When Mito Pereira drained a 28-footer for birdie on the 18th hole late Saturday at the PGA Championship it boosted his lead to three shots over Matt Fitzpatrick and Will Zalatoris, his two closest pursuers.

Three shots are significant. It’s not quite a magic number, but it is a significant number.

There are numerous cases of players coming back from two shots down to capture the Wanamaker Trophy. Collin Morikawa accomplished that feat just two years ago at Harding Park. Justin Thomas did the same in 2017 at Quail Hollow.

But three... Three shots are more difficult to overcome.

Over the last 20 years there have been 3 instances where a player came back from a deficit of three or more to win and it hasn’t happened since 2010; Martin Kaymer was four behind Nick Watney in 2010 at Whistling Straits and defeated Bubba Watson in a playoff, Padraig Harrington was three behind Ben Curtis in 2008 at Oakland Hills and Rich Beem was three behind Justin Leonard in 2002 at Hazeltine.

On the other end of the spectrum, there are 5 cases where the champion came from six or more strokes back to win, although none have happened recently. Here is a closer look at those PGA Championships:

1978: John Mahaffey at Oakmont
Mahaffey entered the final round seven shots behind Tom Watson, who began to falter early. Mahaffey shot a sensational final-round 66 to get into a sudden-death playoff with Watson and Jerry Pate. All three men parred the first playoff hole and Mahaffey drained a 12-footer for birdie on the second hole to win the title.

1959: Bob Rosburg at Minneapolis Golf Club
Rosburg entered the final round six shots behind Jerry Barber in the second year of stroke play for the PGA Championship. It was match play through 1957. In the final round Rosburg made five birdies in the first nine holes and ultimately shot 4-under 66 to win by one shot over Barber and Doug Sanders.

1977: Lanny Wadkins at Pebble Beach
Wadkins entered the final round six shots off the lead and in fourth place. Gene Littler was the leader. Wadkins was 27 years old at the time and shot 70, while Littler shot 76. The two men went into the first sudden-death playoff in the PGA Championship stroke-play era and Wadkins was the victor after only making par.

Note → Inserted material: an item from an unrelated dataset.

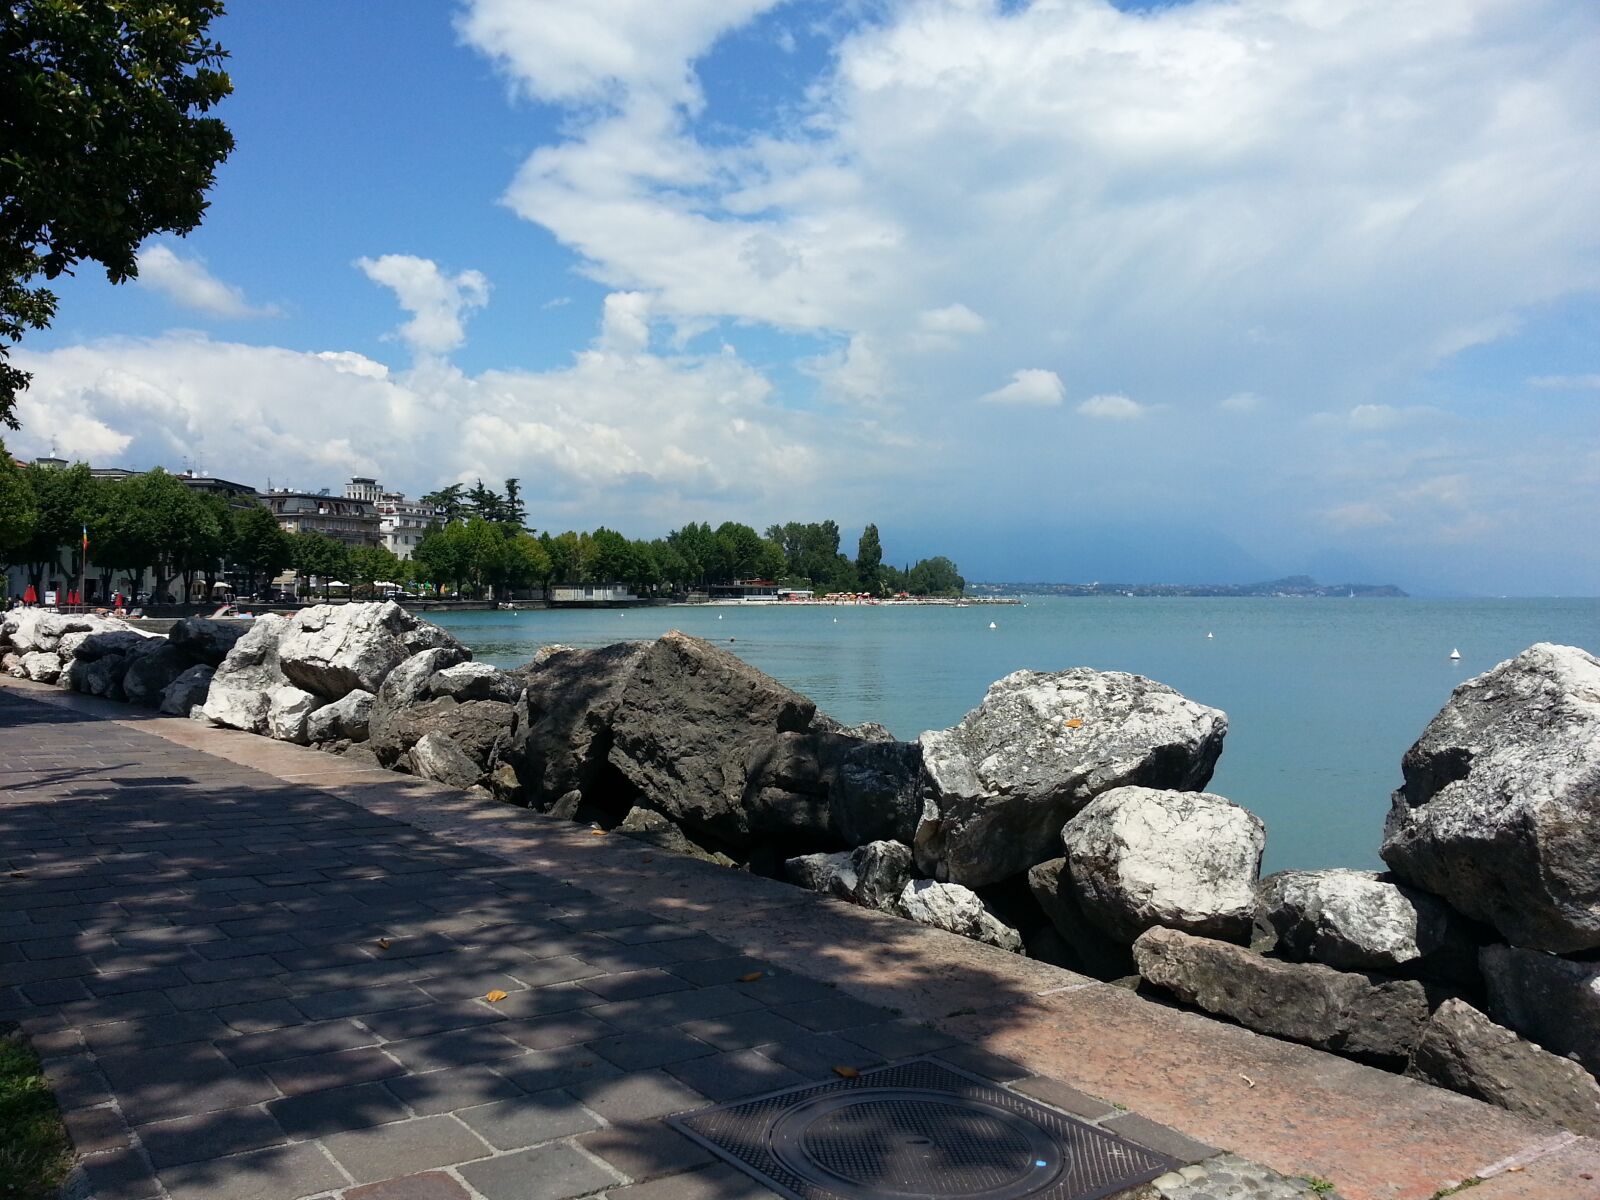 Samsung Galaxy S3 sample photo. Garda, lake, sky photography

1989: Payne Stewart at Kemper Lakes
The late Payne Stewart was tied for 10th place heading into the final round, six shots behind Mike Reid. He was actually still trailing by five shots with three holes remaining in the championship but finished, birdie, birdie, par while Reid went bogey, double bogey, par in that same stretch. Stewart won by one shot over Reid, Andy Bean and Curtis Strange. It was his first of three major victories.

1995: Steve Elkington at Riviera
Elkington was six shots behind Ernie Els and shot an incredible 7-under 64 to get into a playoff with Colin Montgomerie, who shot 65. Els shot 72. In the sudden-death playoff on Riviera’s famed 18th hole, Elkington made birdie from 20 feet, Montgomerie missed from a shorter distance and the championship was over.

Note: The biggest final-round comeback in major championship history belongs to Paul Lawrie at the 1999 Open Championship at Carnoustie. The Scot came from 10 shots behind and beat Jean Van de Velde and Justin Leonard in a playoff.